Intermediate scaling for streamwise mean velocity and variance in a turbulent boundary layer

In this work, we use an intermediate length scale ($y_{m}^{+})$ proportional to the square root of friction Reynolds number and an associated velocity scale ($u_{m})$ to scale the streamwise mean velocity and variance in the intermediate region of a turbulent boundary layer (TBL; Diwan and Morrison TSFP-11, 2019). Towards this we make use of the high-Reynolds-number TBL data available in the literature. The mean velocity is plotted in defect formulation, i.e., $U-U(y_{m})/u_{m}$. The intermediate-scaled mean velocity and variance exhibit Reynolds-number invariance over a certain region around $y/y_{m}=$1. This implies existence of a Reynolds-number independent log law in terms of the intermediate variables for the mean velocity and variance.

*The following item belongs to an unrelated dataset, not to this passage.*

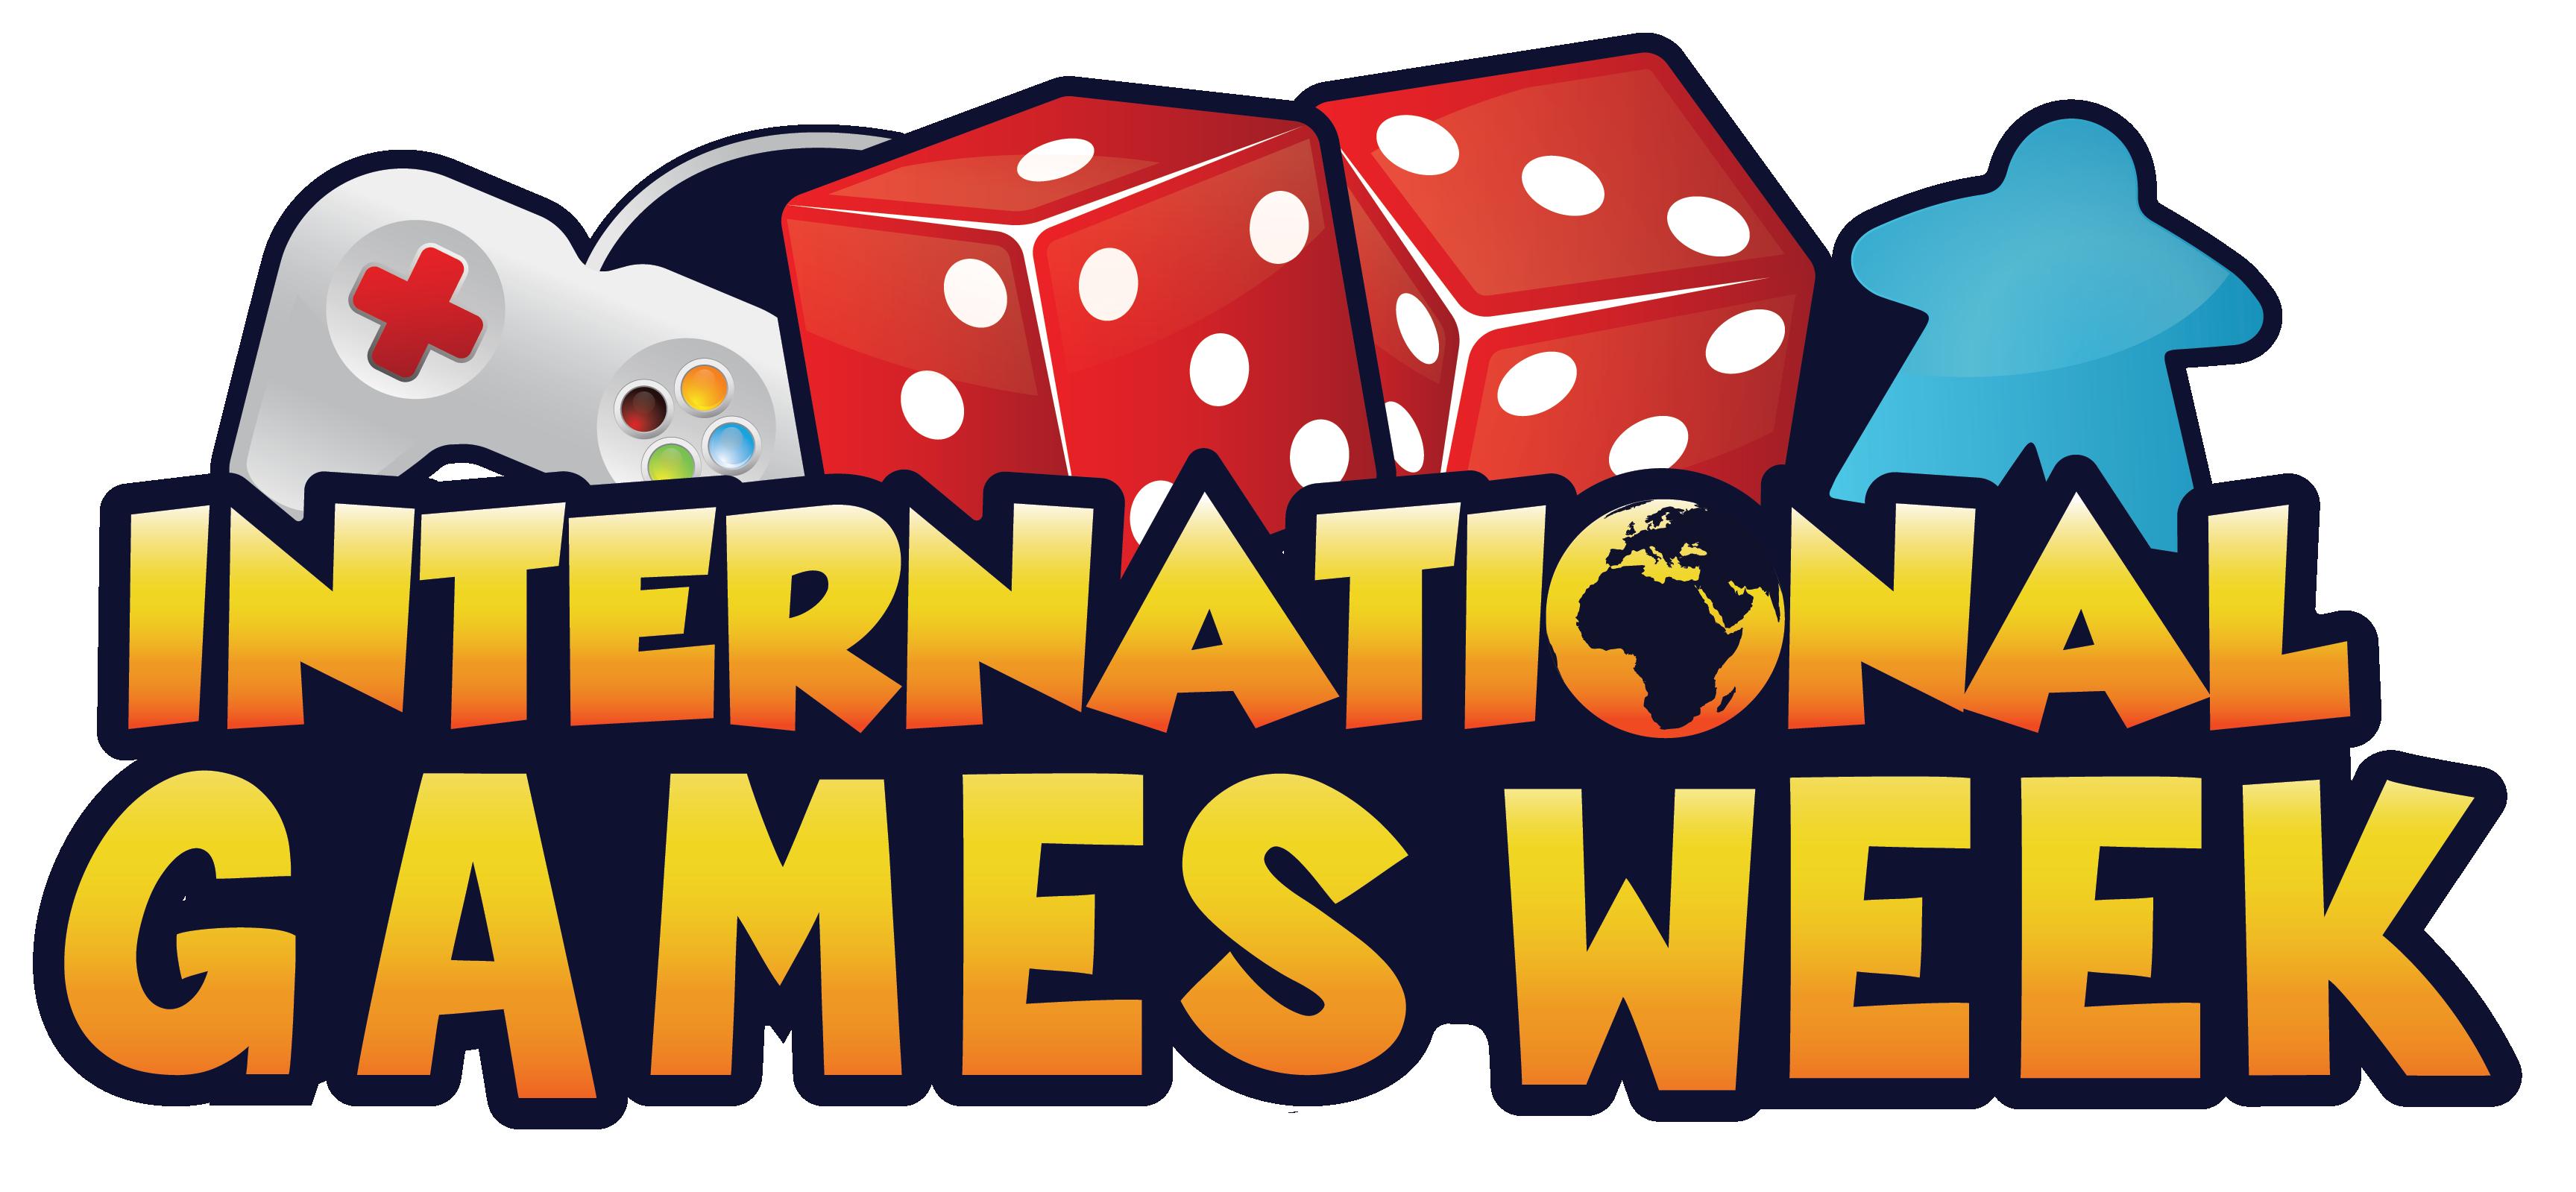 Digital scholarship blog games. Gaming clipart dice card

The classical ``Karman constant'' and ``Townsend-Perry constant'' are expressed in terms of the log-law constants obtained from the intermediate scaling and their dependence on Reynolds number examined. The present work suggests a three-layer asymptotic structure for the TBL, with each layer governed by distinct length and velocity scales, which results in two overlap layers (Afzal, Ing.-Arch. 1982). We discuss the relevance of the power/log law behavior of the mean velocity in the overlap layers, based on the ratio of the velocity scales of the adjacent layers. .